Я представила себе, что творится теперь дома. Тетя Мария огорошила телеграммами моих родителей, а сама носится по больницам, отделениям милиции и моргам. Однажды, когда я не вернулась со школьного вечера к десяти часам, она уже проделала такой маршрут на такси. Зато подъехать первым делом к школе, где я должна была находиться, она почему-то не догадалась! Самое смешное — мы с Мяртом в тот раз долго прогуливались, беседуя, перед нашим домом, не подозревая, что в это время танте Мария носится по городу, разыскивая меня.
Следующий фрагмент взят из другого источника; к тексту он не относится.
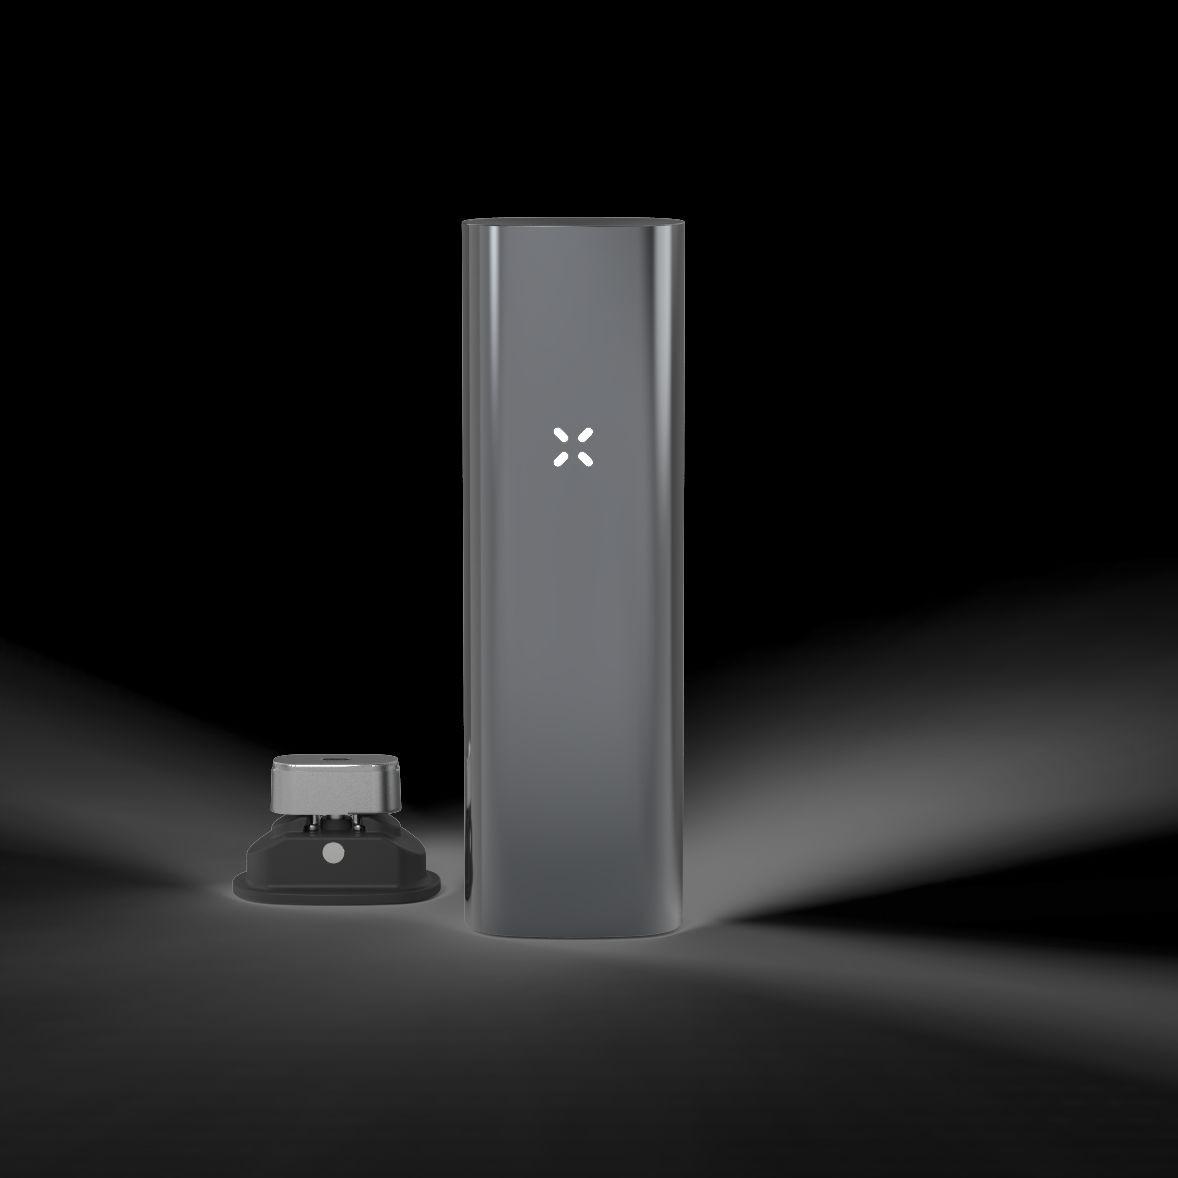 Black pax 2

Зато теперь у тети и впрямь была причина для тревоги. Мое сердце предчувствовало беду.

Пытаясь загладить свою вину, Аэт угостила нас бутербродами с килькой и взбитыми сливками. Теперь не только Стийна, но и я была расстроена. Стийна обошла все залы (их было в кафе три), но своего любимого поджигателя леса не нашла. Аэт помрачнела — вероятно, подумала, что мы на нее сердиты.

Мы сидели, безучастно поглощали взбитые сливки и смотрели по сторонам полупустого зала. И вдруг в кафе вошли два парня — один льняноволосый, а другой шатен с волнистыми волосами. Стийна сразу вскочила и быстро пошла к ним навстречу.
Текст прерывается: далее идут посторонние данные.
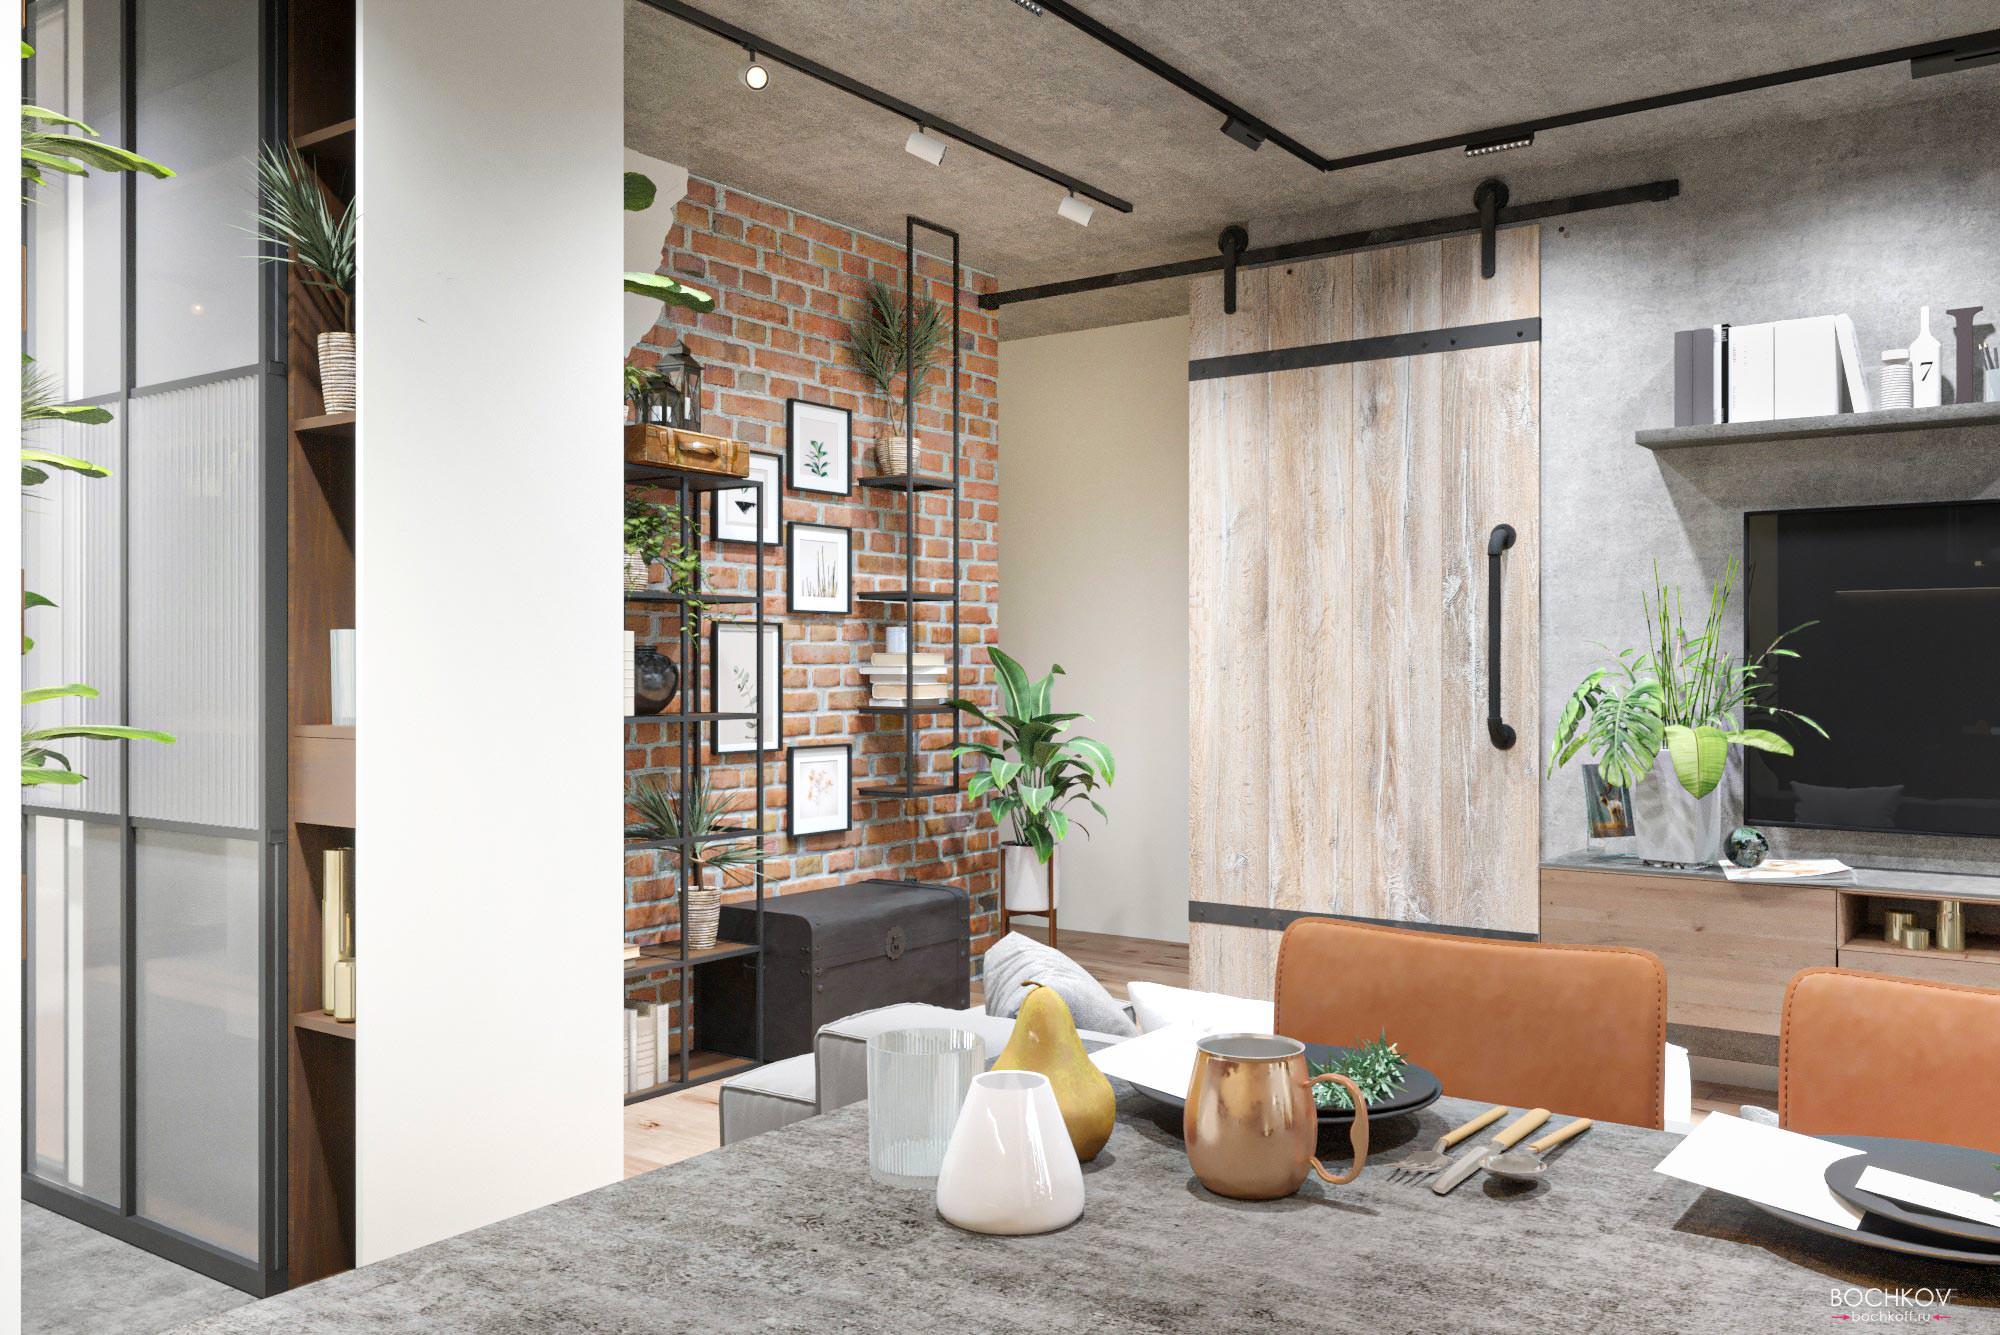 Вид из Кухни на гостиную, Дизайн интерьера в ЖК Макаровский 2020г.

 - Стийна, крестница моя! — воскликнул на весь зал тот, у которого были волнистые волосы.

Каким образом он мог быть крестным отцом Стийны? Как ни вычисляй, не получалось. Стийну представили льняноволосому, и вся троица направилась к столику под окном, за которым сидел смуглый молодой мужчина с острым лицом, напоминавшим мордочку ежика, на столике перед ним лежала раскрытая книга.
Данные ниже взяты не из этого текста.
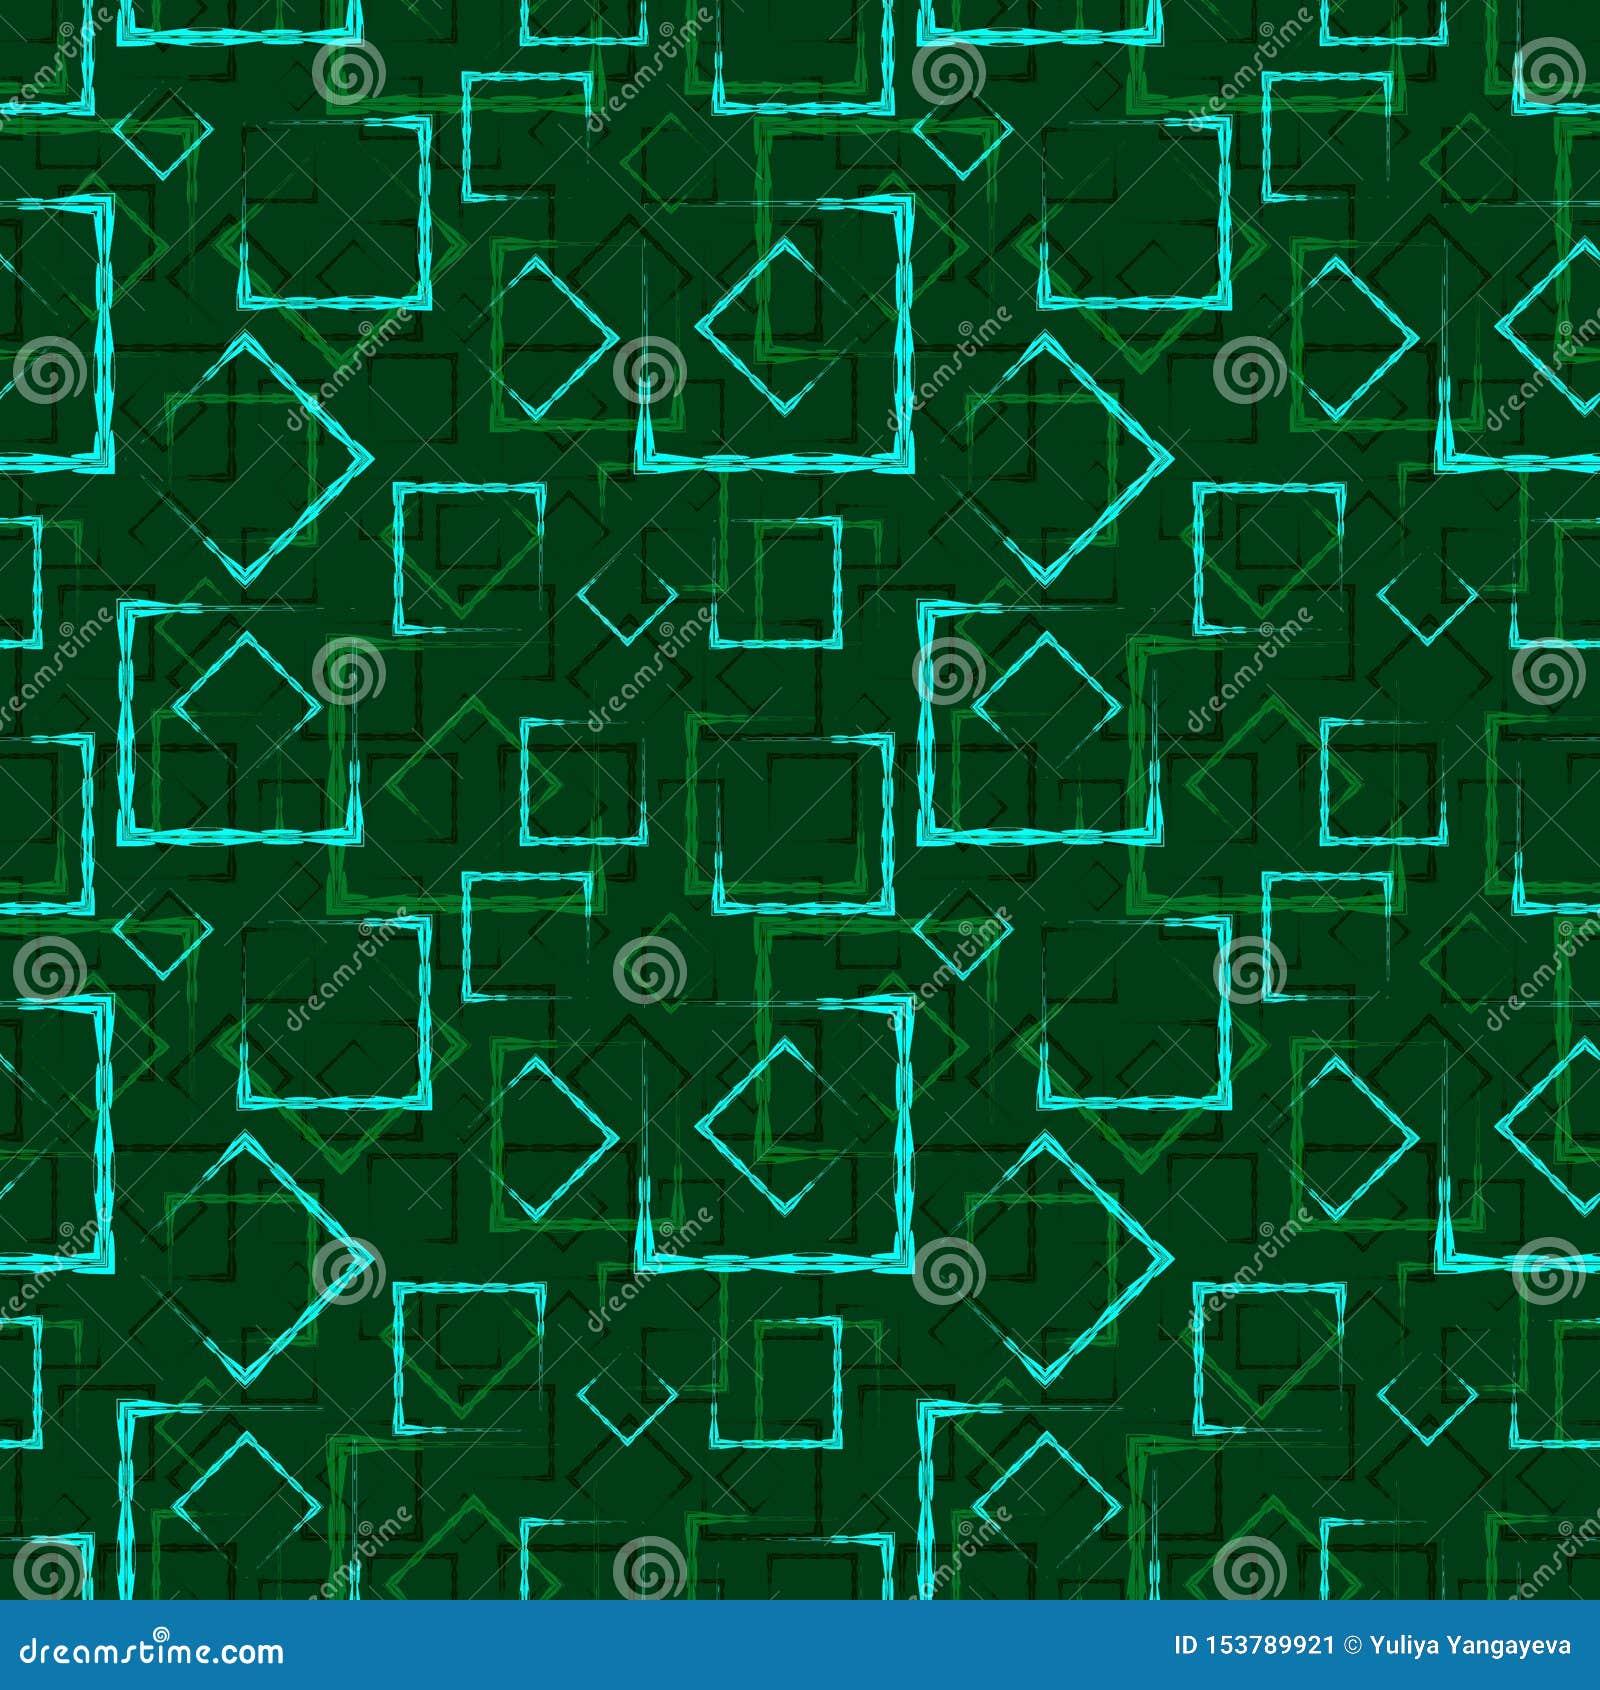 Places et cadres découpés azurés pour le fond ou le modèle vert abstrait

 - Знаешь, — зашептала Аэт, — это поэт Мейер, молодой писатель.

 - Кто из них?

 - Тот, который сидит с книгой.

Стийна вместе с теми двумя молодыми людьми села за столик к Мейеру. Похоже было, что она совершенно забыла о нас. Она восторженными глазами наблюдала за новыми соседями по столику и ловила каждое их слово, как отличница за школьной партой.

 - Слушай, Аэт, а не отправиться ли нам обратно в Таллин?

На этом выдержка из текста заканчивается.